==== EXERCISE DATA ====

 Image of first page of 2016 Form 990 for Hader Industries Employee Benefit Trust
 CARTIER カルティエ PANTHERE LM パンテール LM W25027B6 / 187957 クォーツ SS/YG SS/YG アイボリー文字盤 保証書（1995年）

====
==== EXERCISE DATA ====

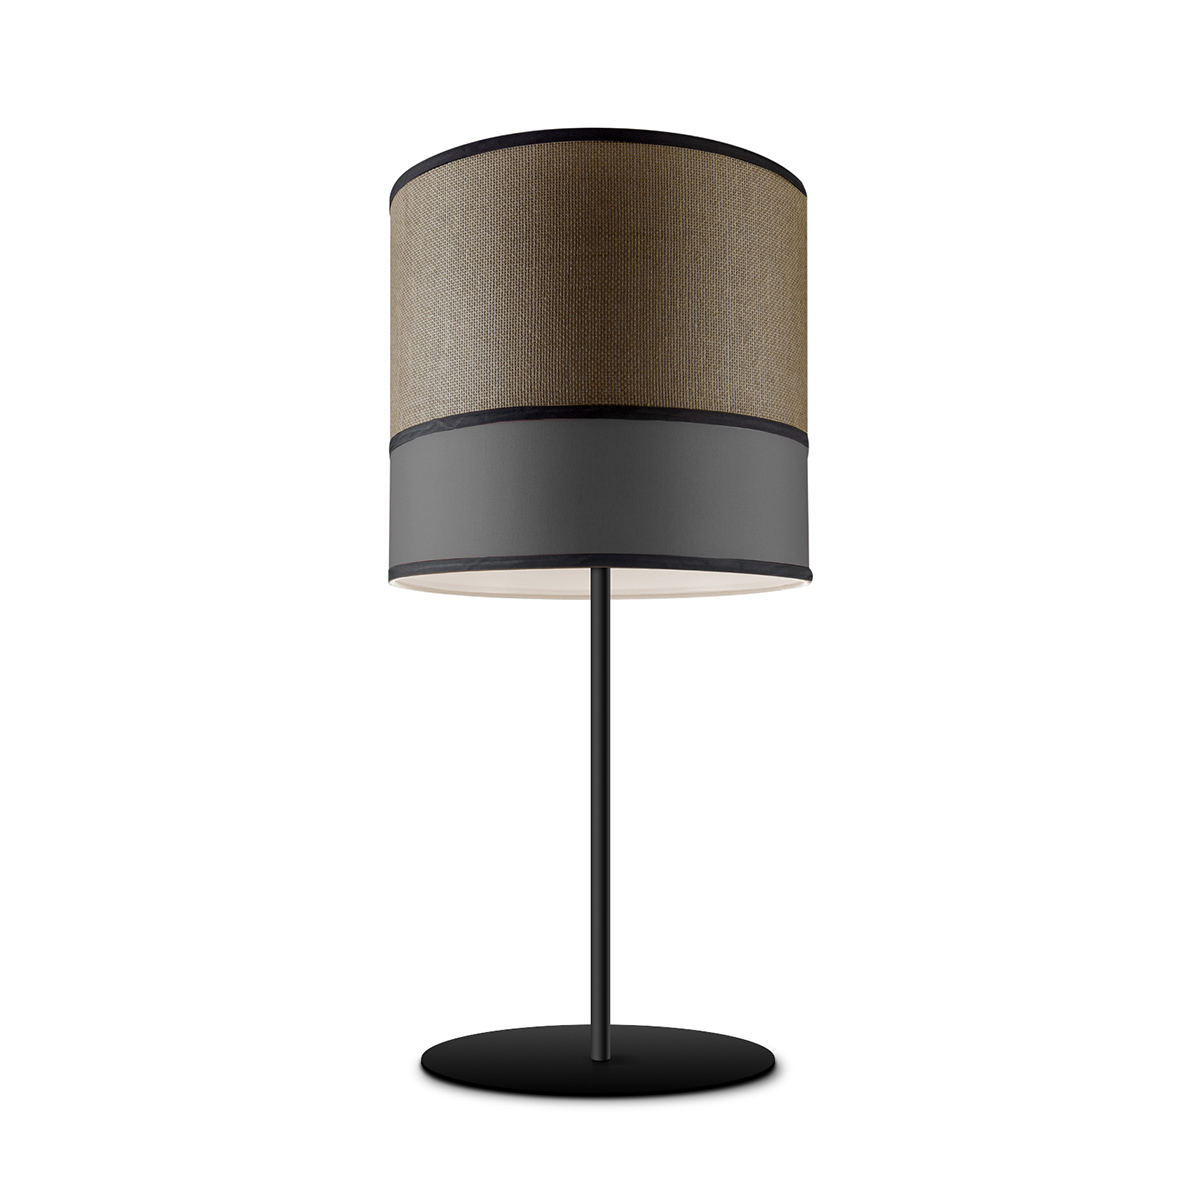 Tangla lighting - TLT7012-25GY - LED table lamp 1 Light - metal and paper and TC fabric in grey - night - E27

====
==== EXERCISE DATA ====

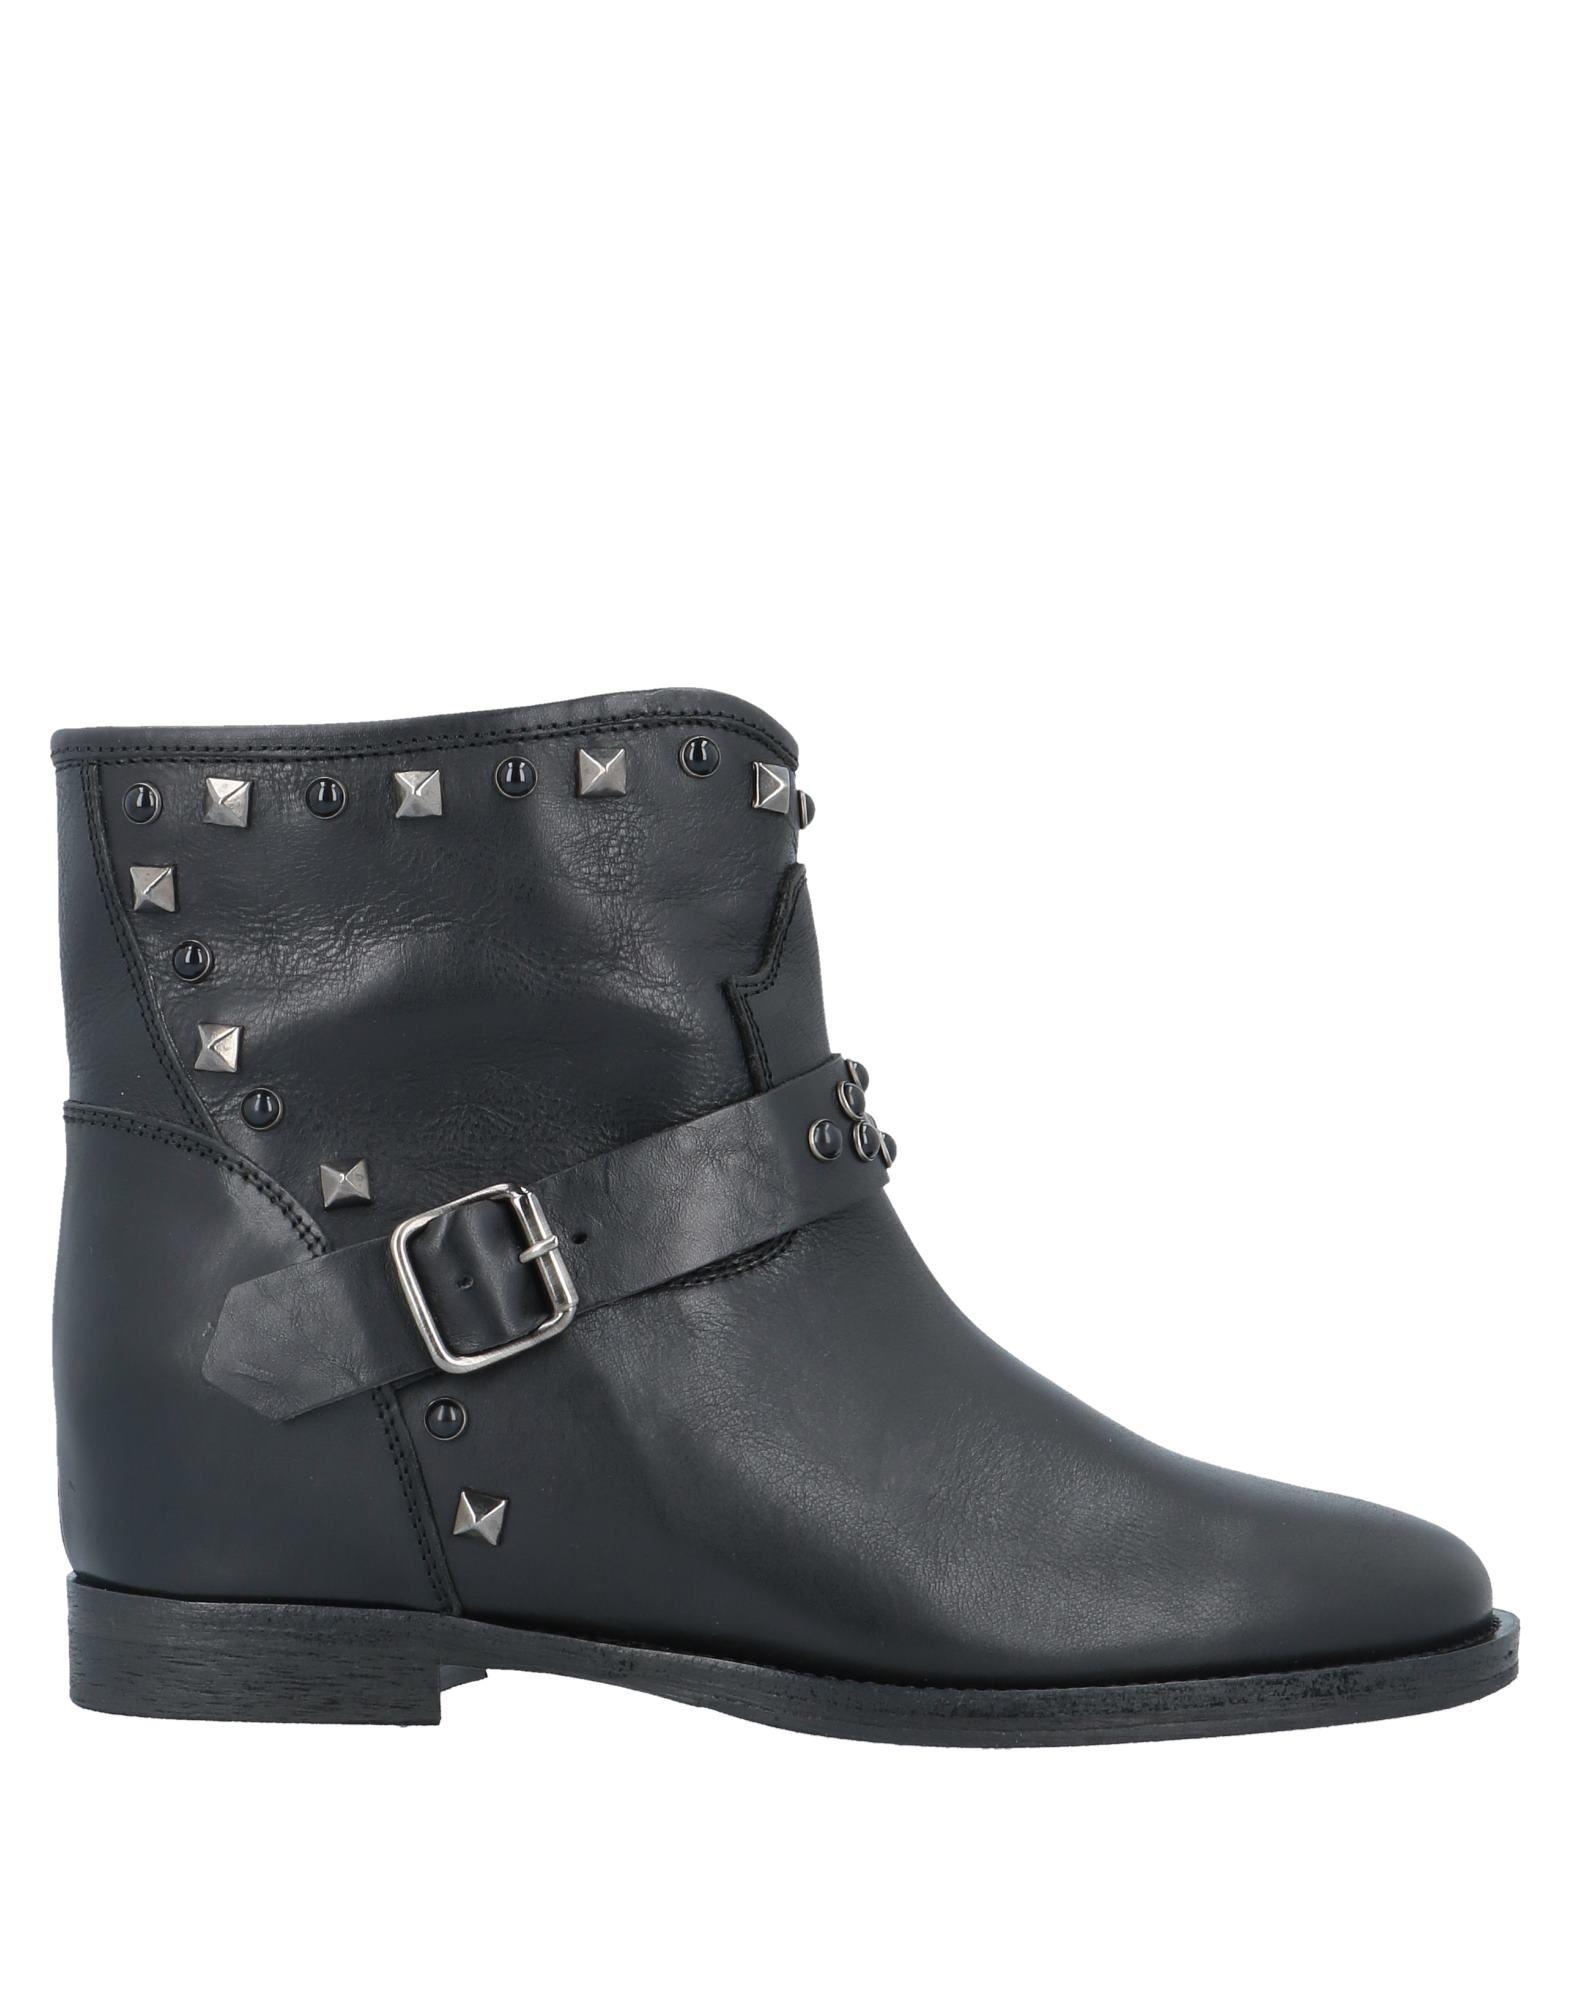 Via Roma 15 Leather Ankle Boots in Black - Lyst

====

A verbatim transcription is needed of the lines above, starting at the line with "Image of first" and ending at the line with "CARTIER カルティエ PANTHERE", both included, and of nothing else.

#### EXERCISE SOLUTION:
 Image of first page of 2016 Form 990 for Hader Industries Employee Benefit Trust
 CARTIER カルティエ PANTHERE LM パンテール LM W25027B6 / 187957 クォーツ SS/YG SS/YG アイボリー文字盤 保証書（1995年）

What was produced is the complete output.